El hallazgo, publicado en la revista PNAS y dirigido por el profesor Mike Ryan del Instituto de Descubrimiento de Biomedicina de la Universidad de Monash, muestra que un gen responsable de causar la pérdida de la visión y la audición, TMEM126A, produce una proteína que ayuda a construir un importante generador de energía en las mitocondrias. . Entonces, si este gen es defectuoso, reduce la función mitocondrial e impide la producción de energía, lo que revela por qué las mutaciones conducen a la enfermedad.
Las mitocondrias son estructuras críticas dentro de las células vivas que juegan un papel central en la conversión de energía y su trabajo. es procesar el oxígeno y absorber los azúcares y las proteínas de los alimentos que comemos para producir la energía que nuestros cuerpos necesitan para funcionar correctamente. Las mitocondrias producen el 90 por ciento de la energía que nuestro cuerpo necesita para funcionar.
La enfermedad mitocondrial es una enfermedad crónica hereditaria que puede presentarse al nacer o desarrollarse más tarde en la vida y ocurre cuando las mitocondrias no producen suficiente energía para el cuerpo para funcionar correctamente. Las células del nervio óptico y del oído interno son particularmente sensibles a los defectos mitocondriales debido a los altos requerimientos de energía para transferir información al cerebro, pero las enfermedades mitocondriales pueden afectar a casi cualquier parte del cuerpo.
Usando un combinación de tecnologías de vanguardia, el estudio encontró que la pérdida de TMEM126A da como resultado una deficiencia aislada del complejo I, una forma común de enfermedad mitocondrial en la que se reduce una enzima crítica llamada complejo I, y que la proteína TMEM126A se une a varias subunidades del complejo I y proteínas adicionales que ayudan a construir la enzima, conocidos como factores de ensamblaje.

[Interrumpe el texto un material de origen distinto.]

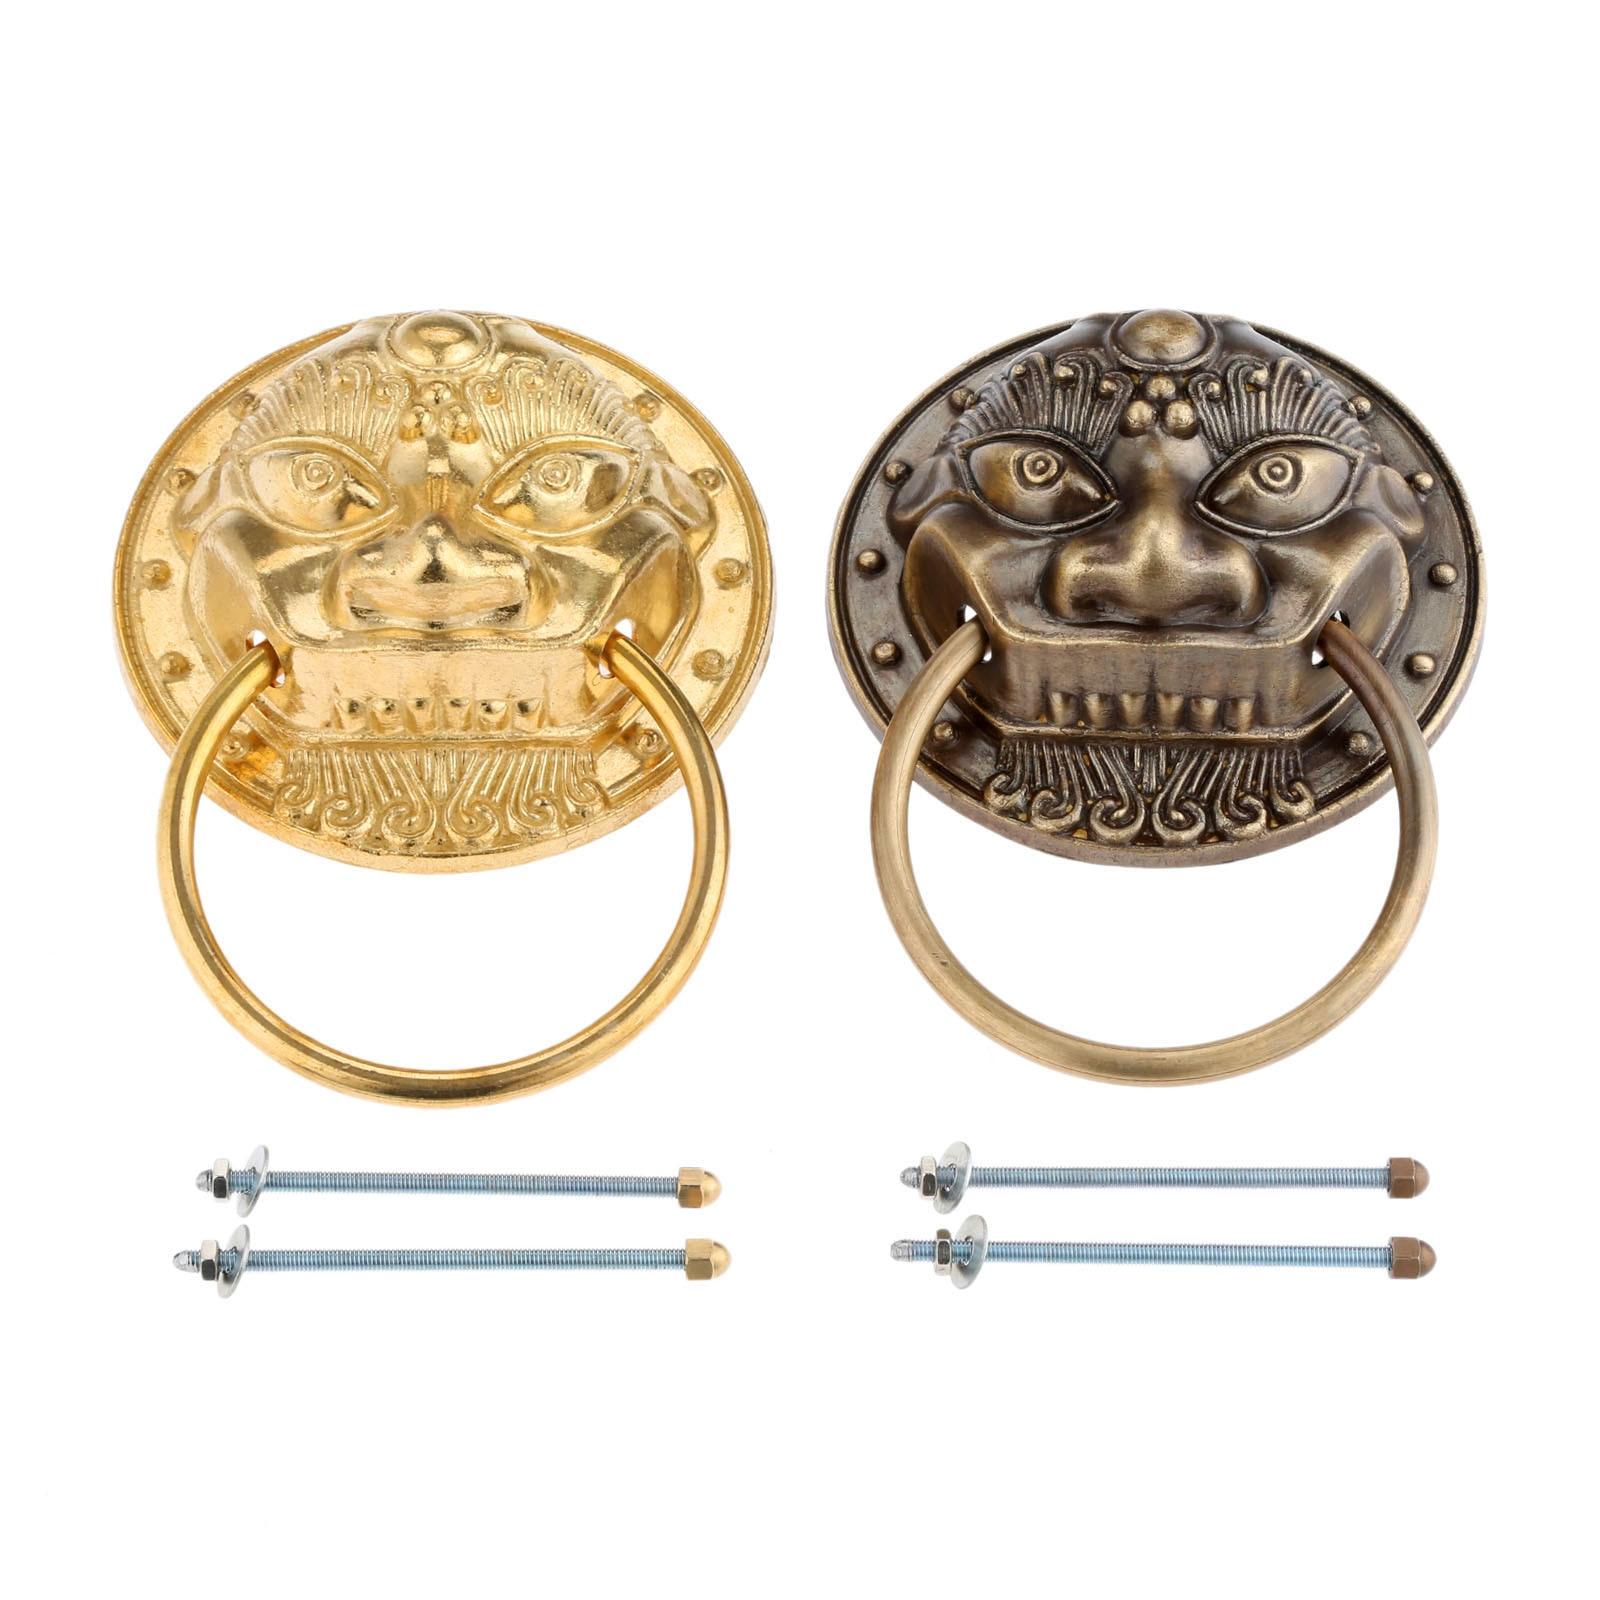 DRELD 1Pc 14cm Antique Brass Chinese Furniture Handle Pull Knocker Brass Hardware Vintage Lion Head Door Cabinet Pull Ring Knob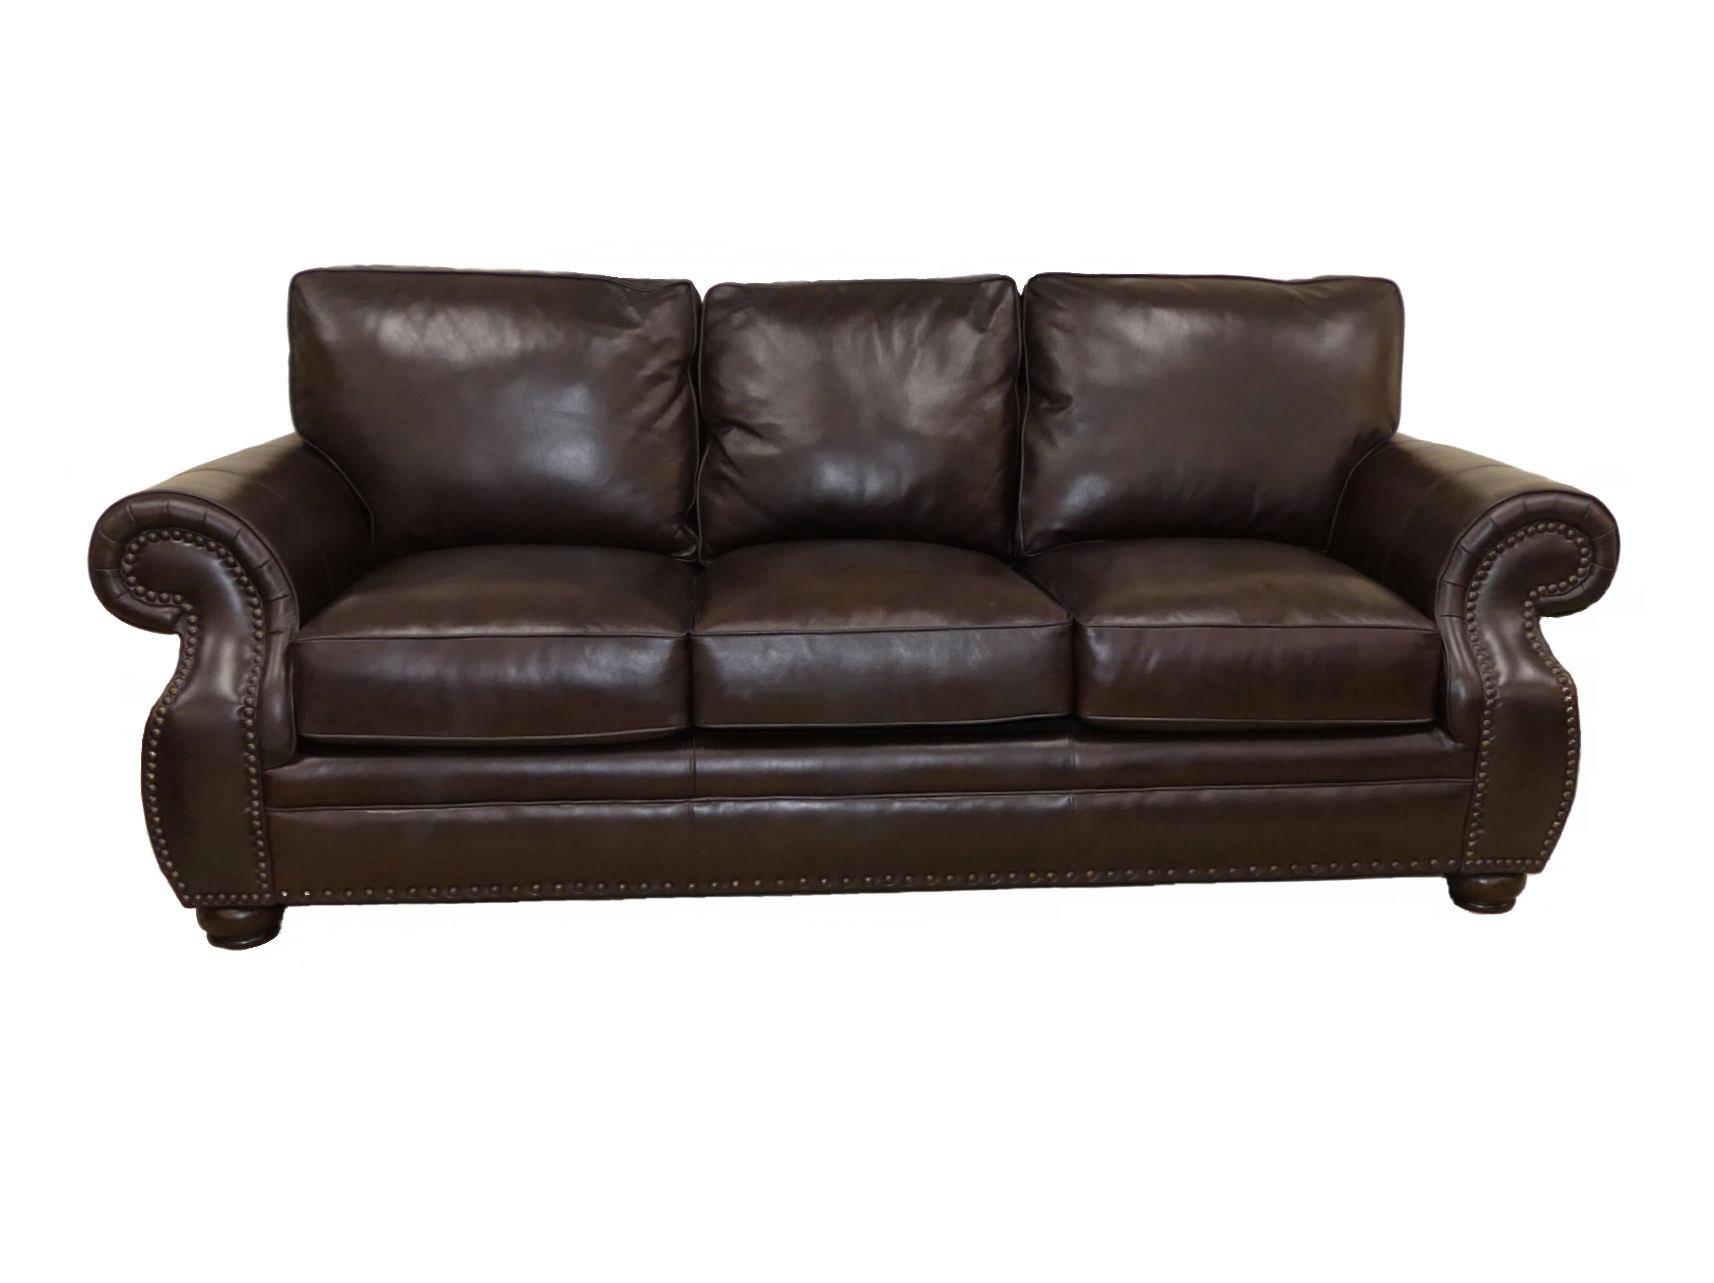 SOLD Bernhardt Furniture Leather Sofa

«Ahora que sabemos que TMEM126A es importante para ayudar a construir esta proteína necesaria para proporcionar energía a los orgánulos de las mitocondrias, podemos buscar terapias futuras que tal vez puedan evitar la función TMEM126A y encontrar otras formas de ayudar a las células a generar energía», dijo el profesor Ryan.
El primer autor, el Dr. Luke Formosa, agrega: «Ahora que sabemos qué hace TMEM126A en las mitocondrias, podemos n comenzar a investigar tratamientos que podrían funcionar para personas con mutaciones en este gen, lo que podría conducir a una pérdida menos grave de la visión y la audición».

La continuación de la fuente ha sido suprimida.